Creating a Docker image for a non-root user
Extend kubernetes/hive/Dockerfile
by adding a new user hive
with UID 1000, and build a new Docker image.
Now all containers run as the non-root user hive
.
$ vi kubernetes/hive/Dockerfile
ARG UID=1000
RUN adduser --no-create-home --disabled-login --gecos "" --uid $UID hive && \
chown hive /opt/mr3-run/scratch-dir && \
chown hive /opt/mr3-run/work-dir && \
chown hive /opt/mr3-run/work-local-dir && \
chown hive /opt/mr3-run/hive && \
chown hive /opt/mr3-run/hive/tmp && \
chown hive /opt/mr3-run/hive/run-result
USER hive
Updating kubernetes/env.sh
Set the environment variable DOCKER_USER
to hive
.
If Kerberos-based authentication is enabled,
the service principal name in HIVE_SERVER2_KERBEROS_PRINCIPAL
should match the user in DOCKER_USER
(see Configuring HiveServer2 for more details).
$ vi kubernetes/env.sh
DOCKER_USER=hive
HIVE_SERVER2_KERBEROS_PRINCIPAL=hive/gold7@PL
Updating the ownership or permission of hostPath volumes
In order to be able to write intermediate data,
a ContainerWorker process should have write permission on hostPath volumes mounted inside the ContainerWorker Pod.
Hence the administrator user should set in advance
the ownership or permission of those directories on every host node that are to be mapped to hostPath volumes
(specified by the configuration key mr3.k8s.pod.worker.hostpaths
),
either manually or automatically
(e.g., by exploiting the preBootstrapCommands
field when creating an AWS EKS cluster with eksctl
).
For those cases in which this requirement is hard to meet (e.g., when creating a Kubernetes cluster with kops
on Amazon AWS),
Hive on MR3 allows the user to update the ownership or permission at the time of creating ContainerWorker Pods.
Specifically,
a ContainerWorker Pod interprets a non-empty string
specified by the configuration key mr3.k8s.pod.worker.init.container.command
(in kubernetes/conf/mr3-site.xml
) as a shell command
and executes it in a privileged init container called init-command
.
Since the init container first mounts hostPath volumes specified by the configuration key mr3.k8s.pod.worker.hostpaths
and then executes the shell command as a root user,
we can update the ownership or permission of those directories for hostPath volumes.
For example,
if mr3.k8s.pod.worker.hostpaths
is set to /data1/k8s
,
setting mr3.k8s.pod.worker.init.container.command
to chown 1000:1000 /data1/k8s/
updates the ownership of the directory /data1/k8s/
when a ContainerWorker Pod starts.
In order to use init containers,
the user should specify the Docker image for init containers
with the configuration key mr3.k8s.pod.worker.init.container.image
.
Usually a small Docker image (such as busybox
) works okay as long as it contains commands /bin/sh
.
$ vi kubernetes/conf/core-site.xml
<property>
<name>mr3.k8s.pod.worker.init.container.image</name>
<value>busybox</value>
</property>
If mr3.k8s.pod.worker.init.container.command
is set to empty, no init container is created.

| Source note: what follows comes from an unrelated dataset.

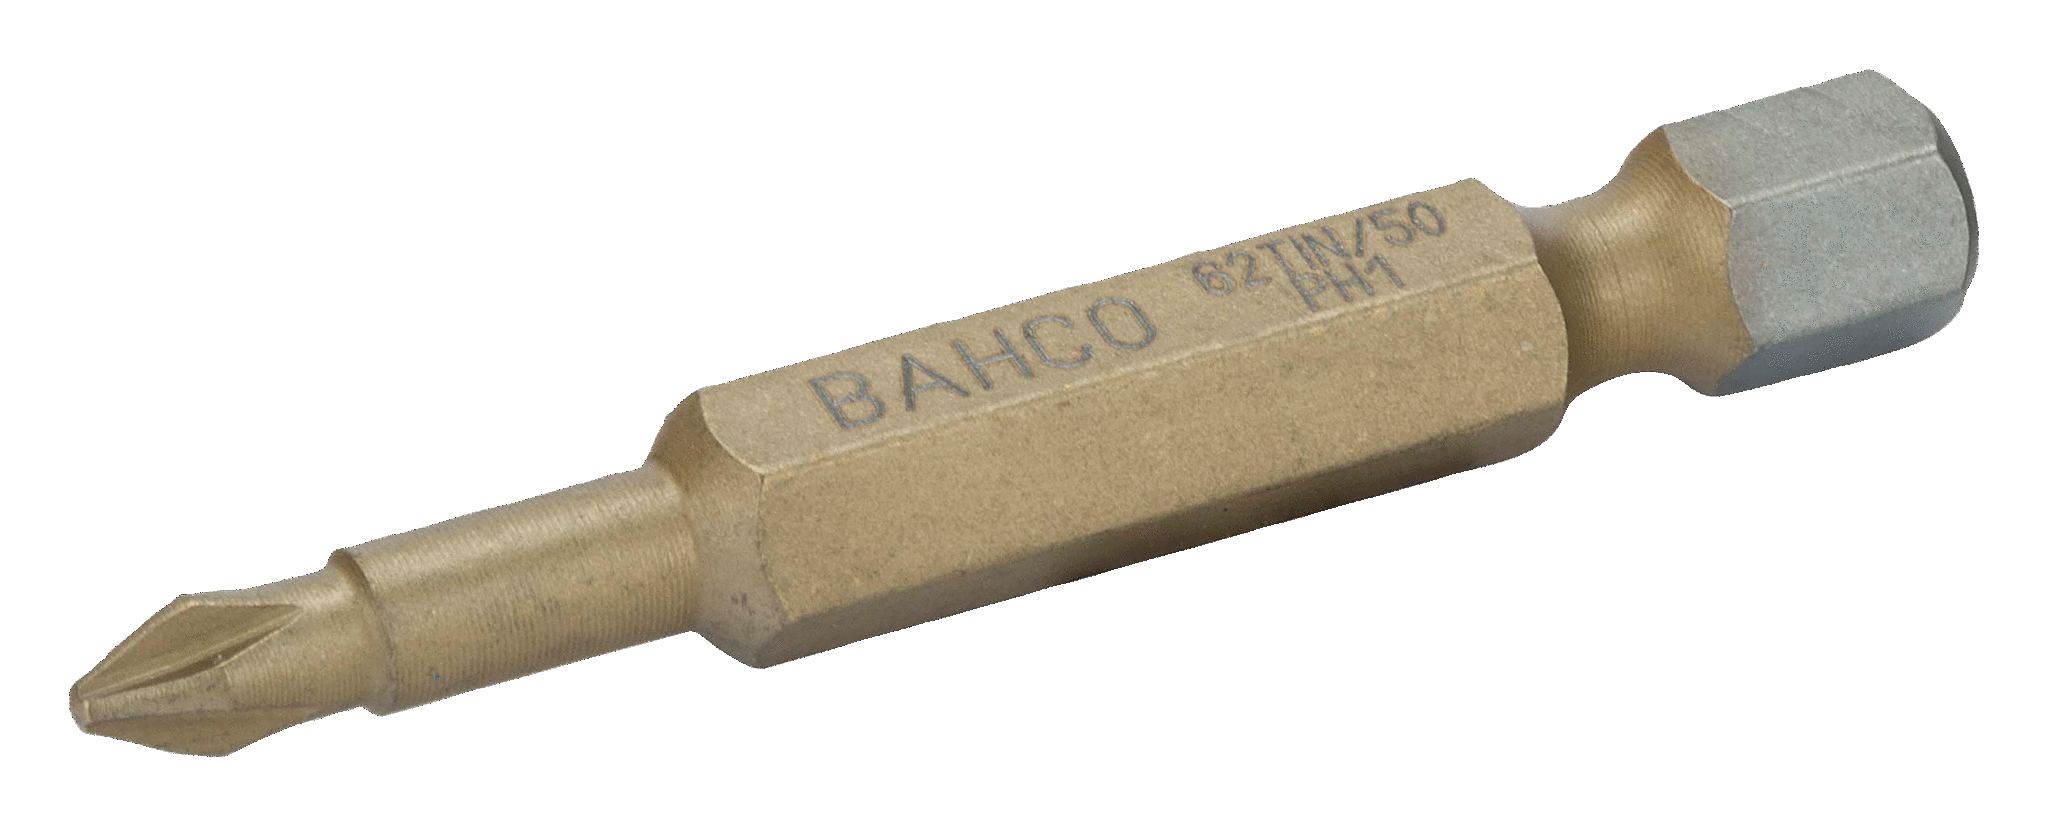 Торсионные биты с покрытием из нитрида титана для отверток Phillips, 50 мм BAHCO 62TIN/50PH3

Since multiple ContainerWorker Pods can start on the same host node, the shell command should not make destructive updates on hostPath volumes. For example, the user should not use a shell command deleting all the files on those directories for hostPath volumes, which may already be in use by other ContainerWorker Pods.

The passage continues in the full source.